Anon here taking classes part time at Uni. Instructor tells everyone to get a partner for exercises (language class). I'm lazy so I figure I won't go to other people because people should just come to me right. Also just curious if people will approach me. First day or two some people do on occasion very reluctantly. reaching day three and four literally no one partners with me. Instructor asks me where is my partner I say I am fine. But deep down I am not fine. I was literally bullied in middle school and high school and was ostracized because of it. Start reliving those terrible moments in my mind. I almost cried. Not too close. But I could feel my eyes were more wet than usual.

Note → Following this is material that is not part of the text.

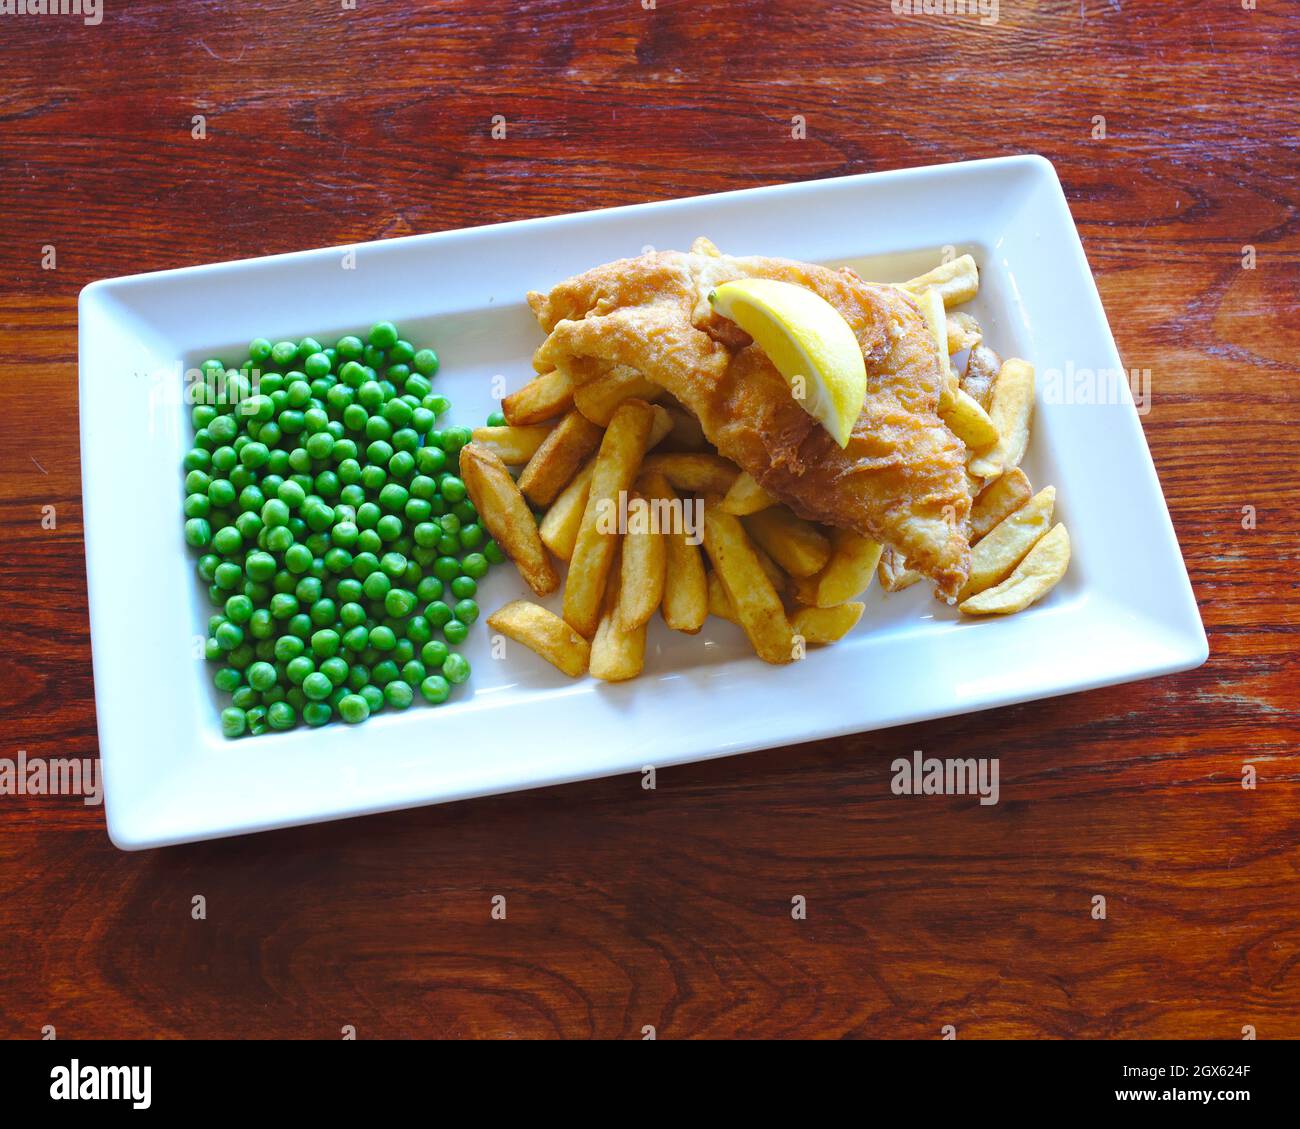 Traditional English Fish and chips pub meal Stock Photo
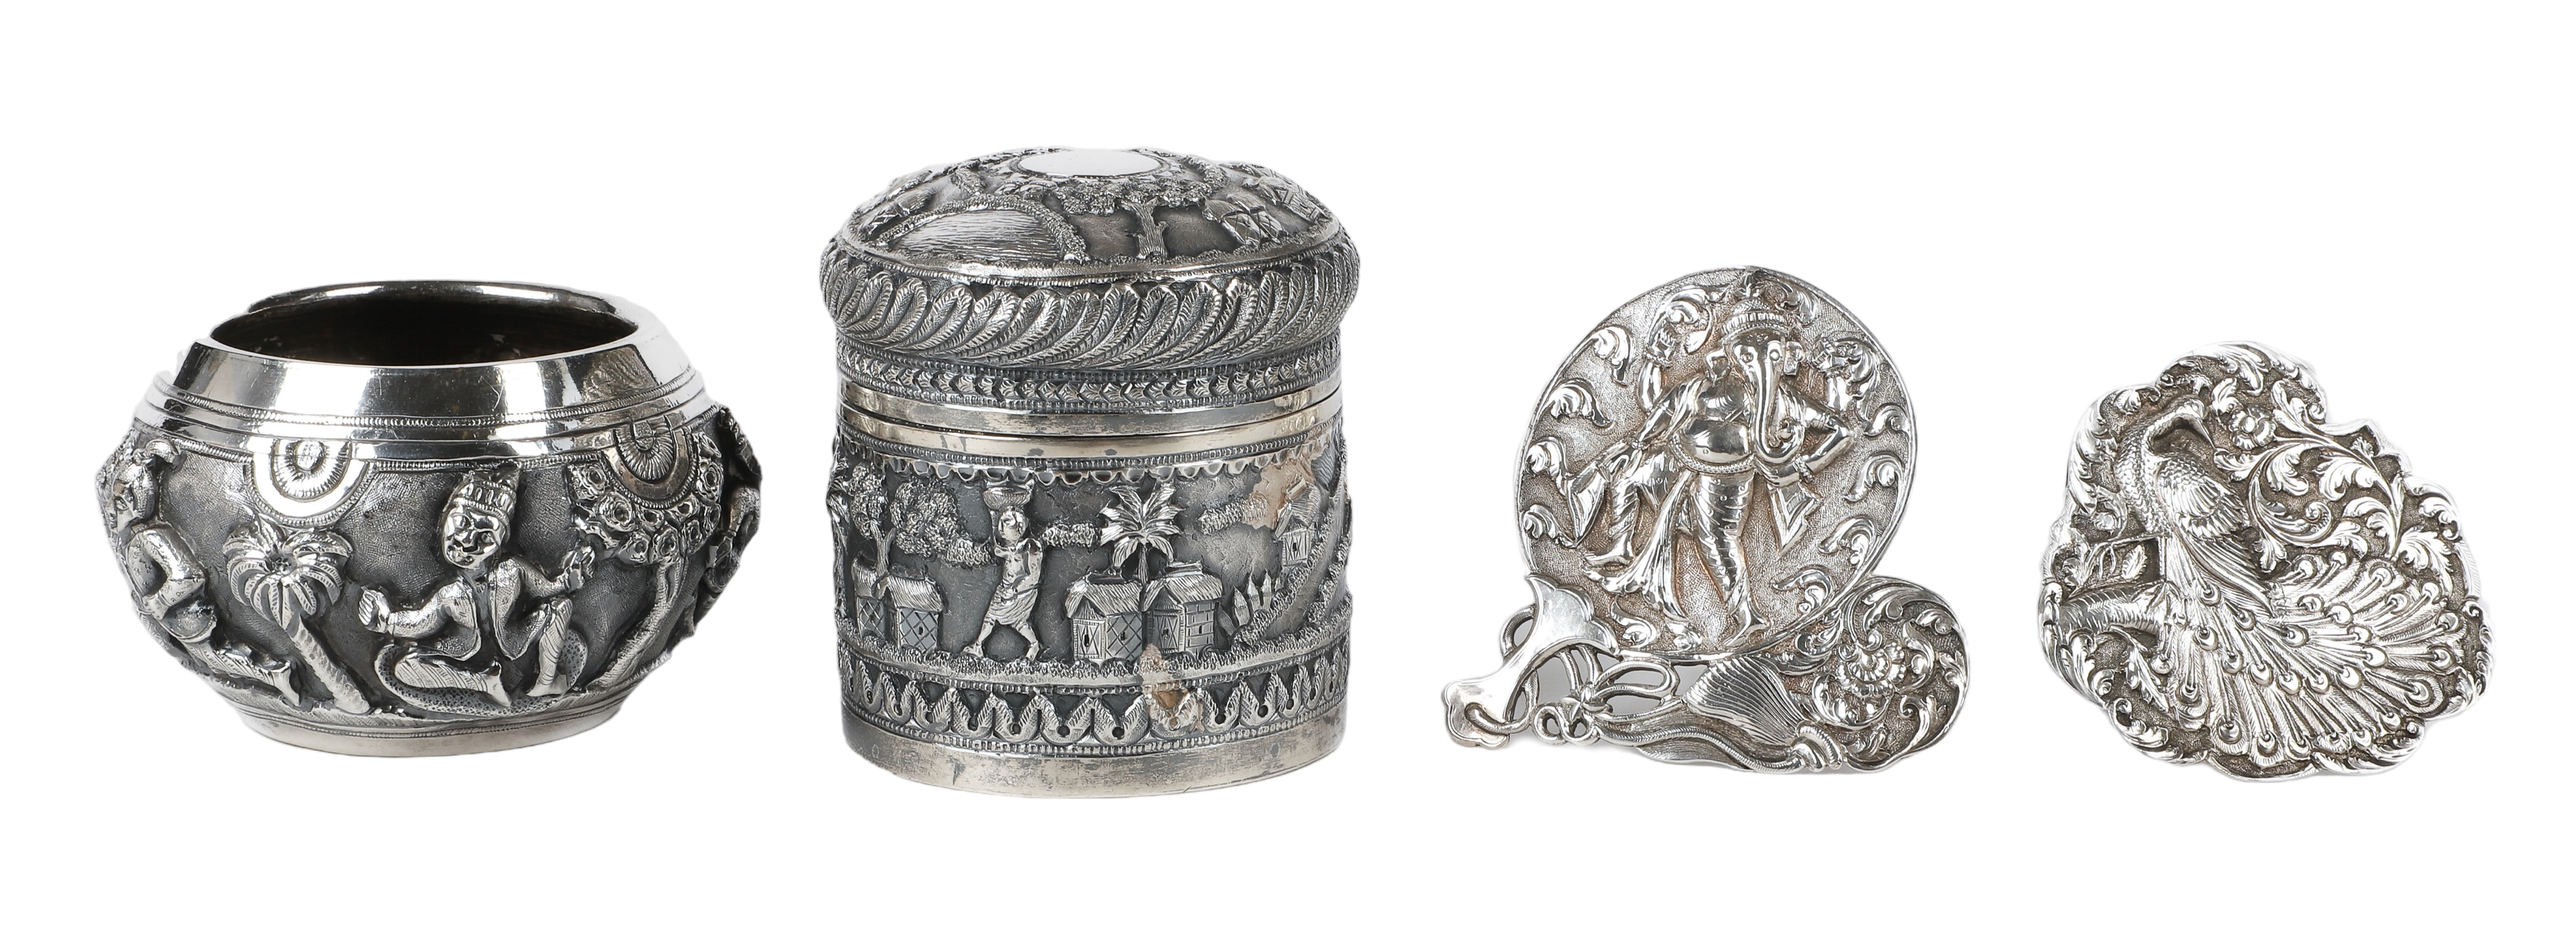  4 Pcs Colonial Indian kutch silver  309014

I have had it. In all these years. After all the progress I have made. Am I still that much of a freak that people won't fucking even partner with me in group exercises? I am such a fucking pussy for not rising above it. God dammit anons help me.
>>38058403
>God dammit anons help me.
you had it coming being such a naive faggot. did you seriously think things would be better at uni?
>I almost cried
grow up you pussy. have you learned nothing in 22 years as an outcast?
>>38058403
>I figure I won't go to other people because people should just come to me right
You're not popular enough to pull this off.
Sorry anon but you have to take the initiative. I know. Just go to someone and ask if you can join.
>>38058460
I completely agree anon. I don't know why it hit me.
>>38058403
>language classes
yeah i avoid those like the plague
im sorry man, i really do empathize, and because of that i say that i dont think your problems are merely social; there's obviously something that youre doing, or just the way that your energy is, is seriously off putting. and you seem veerryy distraught.
can i give you some advice? try taking a break. get a little creative and find something else to do for a semester or two. try to do things that will help you and lift you up, rather than bring you down, like 4chan and shitty food, etc. maybe start going to the gym. try to get a part time job maybe. little baby steps to get you feeling better. because i think thats the problem, youre unhealthy, unbalanced. you need to get well by figuring out whats making you unwell.
i mean shit, a few weeks ago i quit a part time job two weeks after starting because i had fucked up socially so badly. that one hurt particularly because i'm 24. but i'm ok because.. i dunno. existentially i'm much better, more at ease with myself this year. things really did get better for me in ways i did not expect, and what did that was in large part getting a little older. this coming from someone that's outcasted, suicidal for about a decade, etc etc.